Anyway, what the Riksbank decided was to reduce its main interest rate from 0.5% to 0.25% and start with quantitative easing. There's nothing unusual or new about that these days, as near zero interest rates and quantitative easing are the rule rather than the exception for central banks in advanced economies. What was unusual was that this decision meant that the interest rate on bank deposits in the central banks was cut to -0.25%. That's right, a negative interest rate. The reason why they now have a negative deposit rate can be found in the reason why it is considered nearly impossible to bring market interest rates below zero: namely that people would then start to withdraw their money. By having a negative deposit rate, the Riksbank hopes to discourage banks from keeping the money they receive from quantitative easing as reserves. Instead, they want the banks to create more credit, something which in turn will increase money supply, something which in turn will increase inflation.

The most radical inflationist in the board, Lars E.O. Svensson, has advocated currency market intervention to bring down the exchange rate of the SEK, which in turn is meant to increase import prices and inflationary expectations. The rest of the Riksbank board decided against it, probably because other countries could interpret this as a way to subsidize exports and discourage imports, rather than as a way to increase inflation. The strategy they are now pursuing will also lower the exchange rate of the SEK, but probably not by as much and not in such a conspicuous way.

One interesting question that the Riksbank's negative deposit rate this raises is why the Fed insists on paying a positive interest rate on bank reserves. If you want to achieve inflation, which the Fed wants, then that is counterproductive as it encourages banks to keep the money at the Fed instead of lending them out to the public. As I've pointed out repeatedly, the monetary base has no direct effect on the real economy. It only has an indirect effect to the extent it helps increase the money supply. But as long as the banks keep the money they receive from the Fed's asset purchases at the Fed, money supply is not affected.

I am not sure why the Fed insists on having a positive deposit rate, since it counteracts the inflationist effects of their other schemes, but one possible reason is that it wants to subsidize the banks and boost their profits. By paying interest on their deposits, the Fed is essentially giving away money to the banks. Another possible reason is that they think that large reserves are essential to restore confidence in the banking system.

3 Comments:

Blogger Unknown said...

As to the Fed paying interest on reserves, Gary North has directly addressed that issue and comments by Bernanke support his conclusions. The Fed is paying interest to hinder the amount of money creation via bank lending, and only wants growth in the money base affecting prices.

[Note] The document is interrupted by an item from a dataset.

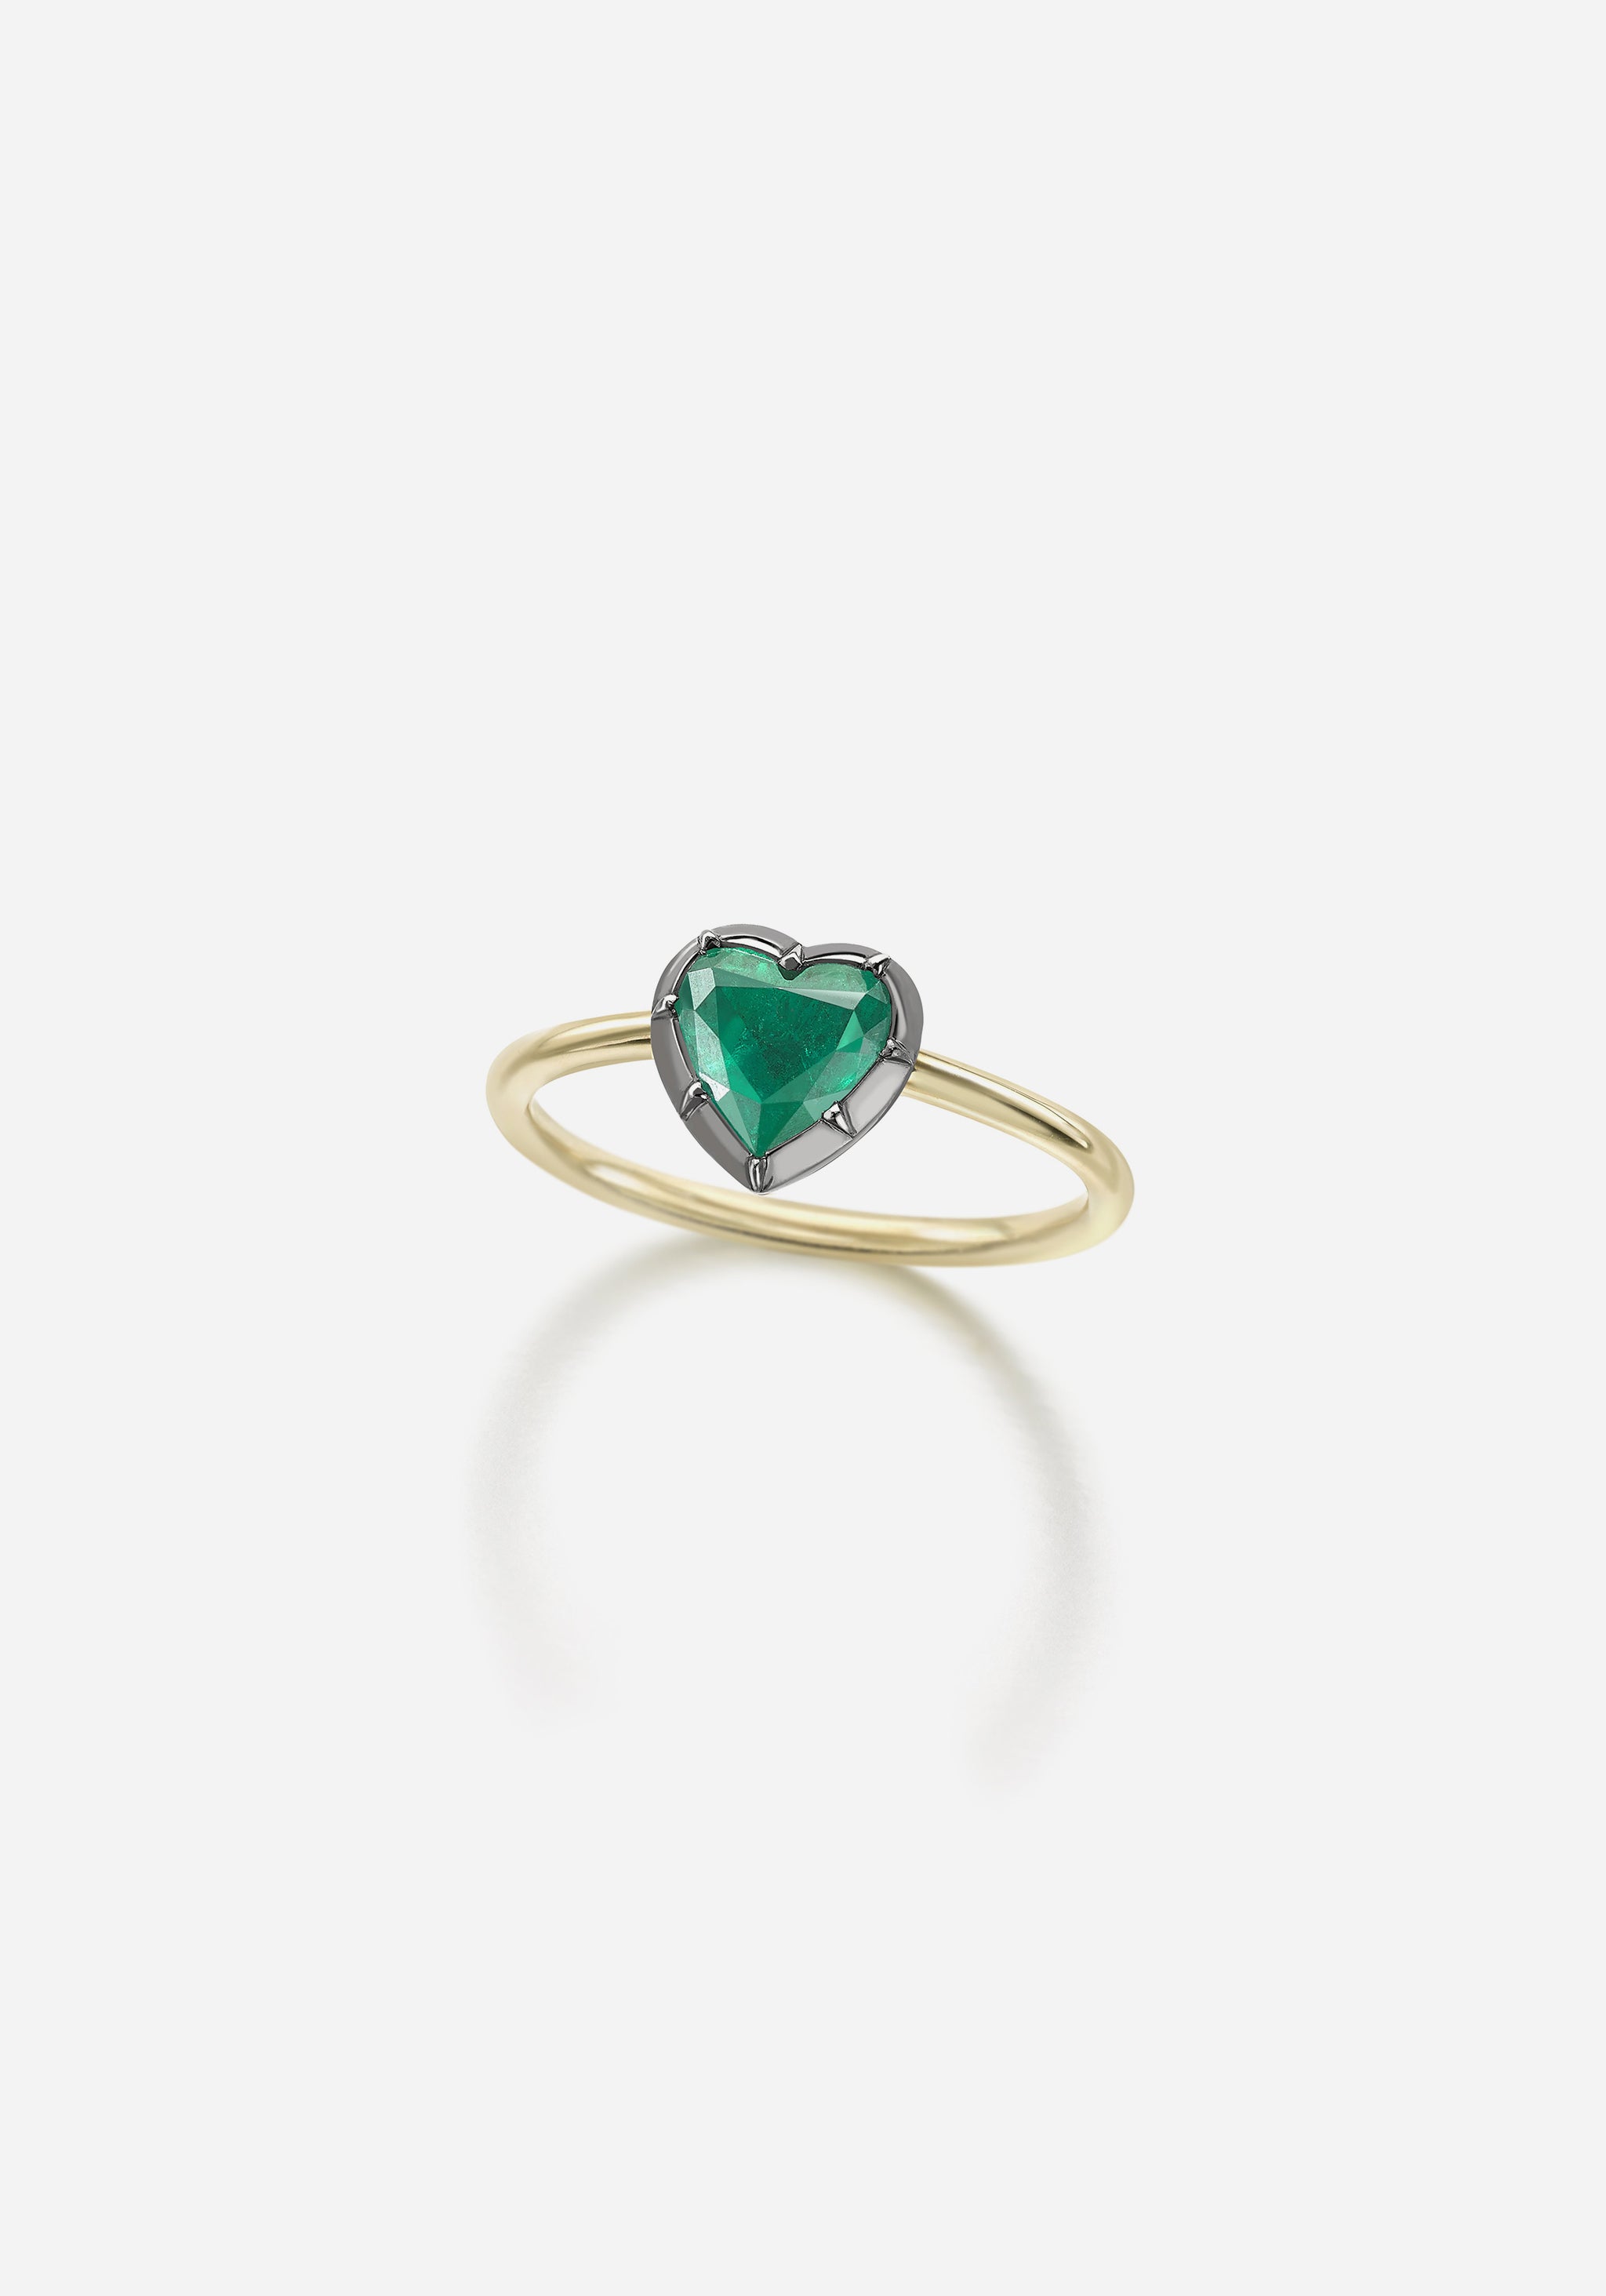 Button Back Emerald Ring - Heart Shaped 1.49ct

In gist, the Fed is reversing the usual roles of bank lending being the predominate form of money creation. The Fed has direct control over money base creation. It's an attempt to avoid the inflation part in stagflation. If they really believed in Keynes they'd charge the banks a fee for holding excess reserves, and spur massive bank lending as in Chinese state-controlled banks.

11:44 AM  
Blogger Tempus fugit said...

"By paying interest on their deposits, the Fed is essentially giving away money to the banks."

Bingo, that's what's been going on for the last 9 months. All private losses have been socialized. Rather than another 700 billion TARP from congress (which would create a greater deficit) it's easier to give corporate welfare through the fed. Add on TALF and the PPP and the whole system is a joke. How do you justify people getting payed at the bank for their "work".Bonus? for what? Sucking the governments teats?

5:55 PM  
Anonymous Anonymous said...

I was not aware of this fact, yet I follow the economy rather closely. Has this been tried before? Will a negative interest rate on deposits cause an "explosion in lending", that is, are we likely to surpass other countries in the race towards massive price inflation? Scary stuff, no doubt.